Questions about my Situation
It is important to assess your personal situation and that of your practice as well as where you want to be in the intermediate and long term future. Evaluate the ACO opportunity in light of your practice's strategic plan. Questions to consider include:
- What special circumstances does my practice have that would bring value to both the practice and the ACO? Does my practice have significant knowledge and experience in population management?
- Does the culture of my practice fit with the goals and mission of the ACO?
- What is currently happening in my practice and community? Do I need to make a change in order to survive financially, and if so, how quickly?
- How close am I to retirement?
- How large is my practice, and does it have enough authority to negotiate effectively with hospitals or health insurers?
- Does my practice utilize alternative payment methodologies beyond fee-for-service currently? If not, can my practice negotiate alternative payment methodologies with health insurers directly?
- Are some of these other options more feasible for my current situation?
- Do not do anything o Try to grow your practice to have more leverage o Employment by or partnership with an area hospital
- Form a large clinically integrated practice group that can negotiate as a "group without walls"
- Change to concierge or direct practice model
Questions about the ACO
From an organizational perspective, "ACOs must have a strong and robust primary care infrastructure and robust electronic medical records/information technology systems to capture performance data and quality metrics. Health information technology (HIT) tools will be necessary both for sharing data and evidence-based and/or informed best practices with clinician. To achieve the savings championed by the ACO design, approaches other than the traditional fee-for-service system should be considered. Bundled payments, shared savings, quality performance payments, risk-based compensation, outcomebased reimbursement, and case-management fees are all currently under consideration. These schemes will certainly stimulate the provider network to focus on quality and cost performance goals and should align physician and hospital incentives." Additional information is available on the American Academy of Pediatrics (AAP) Accountable Care Organizations (ACOs) and Pediatricians: Evaluation and Engagement Web page.
Organizational Structure and Governance
Ideally, there should be equal representation on all governance and clinical committees between primary care and specialty physicians. The ACO board must be a separate and distinct entity (i.e., if a hospital or payer developed ACO, the board must be separate from the hospital or payer board of directors). Determine whether your interests are adequately represented at the Board level of the ACO both in terms of representation and voting authority. Questions to consider include:
- How long has the ACO been in existence?
- What is the size and make-up of the provider network? How many primary care physicians are there in relation to specialty physicians? What is the ratio of employed physicians and independent physician practices?

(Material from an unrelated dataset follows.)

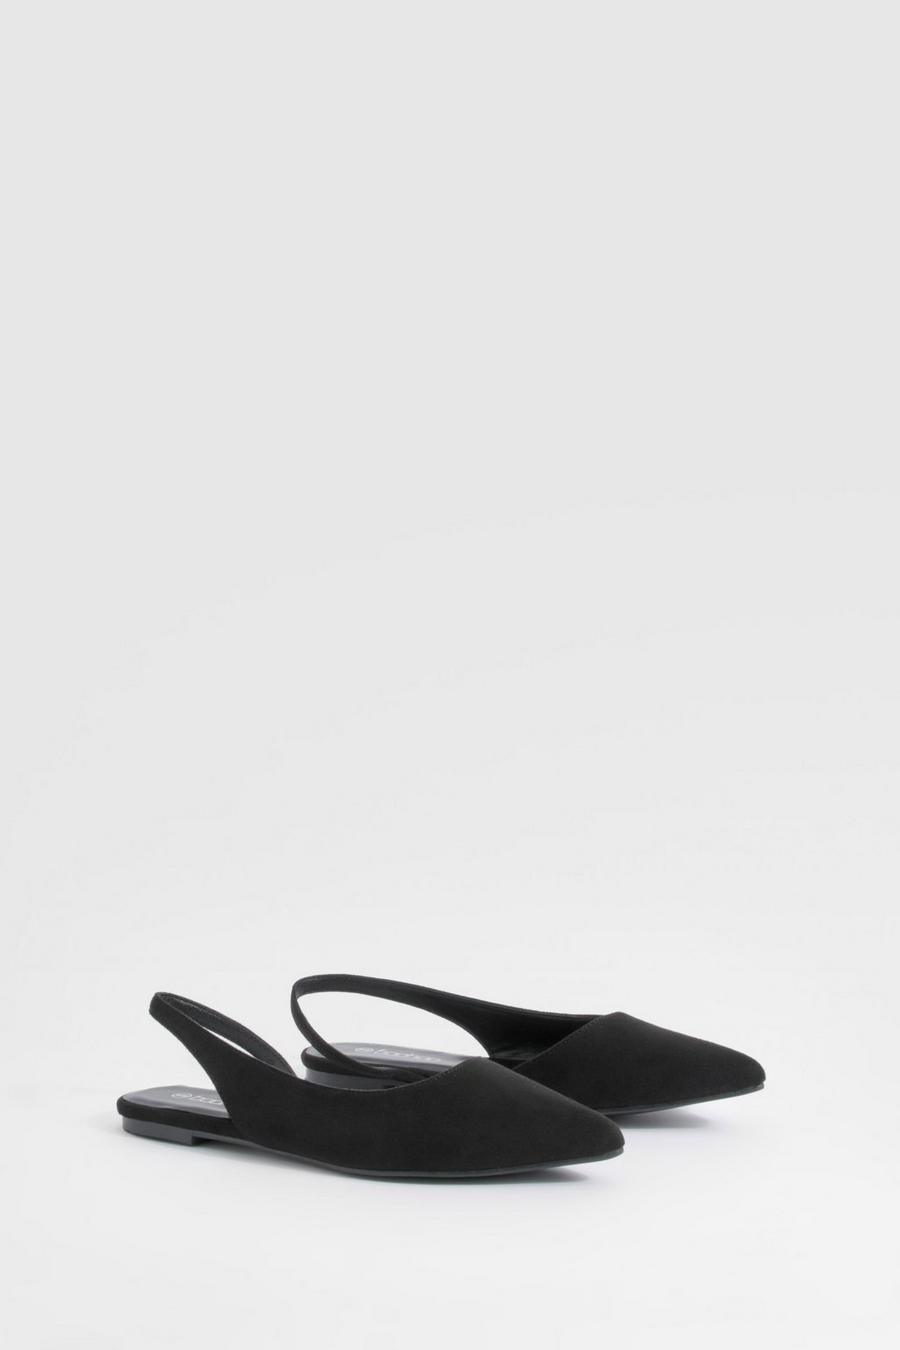 Zapatos planos de ante sintético sin talón, Black image number 1

- What do pediatricians and pediatric subspecialists who have already joined think about the ACO? What do they consider to be the most significant pros/cons?
- What does the structure of the ACO look like? Who are members of the ACO? (Hospitals, employed physicians, contracted physicians, subspecialists, others?)What does the governance structure look like? Are pediatricians included in the governing board and leadership positions of the ACO? Are consumers included in the governing board of the ACO?
- What payers are contracted with the ACO? How many patients are part of the ACO?
- What is the financial viability of the ACO? How have financial and clinical performance been to date?
- Will I be joining the ACO as an employed physician, or as an affiliated physician/practice? How do the pros/cons differ?
- If joining as an employed physician, is the proposed contract fair?
For additional information, review the AMA Resource on Hospital Physician Employment Agreements.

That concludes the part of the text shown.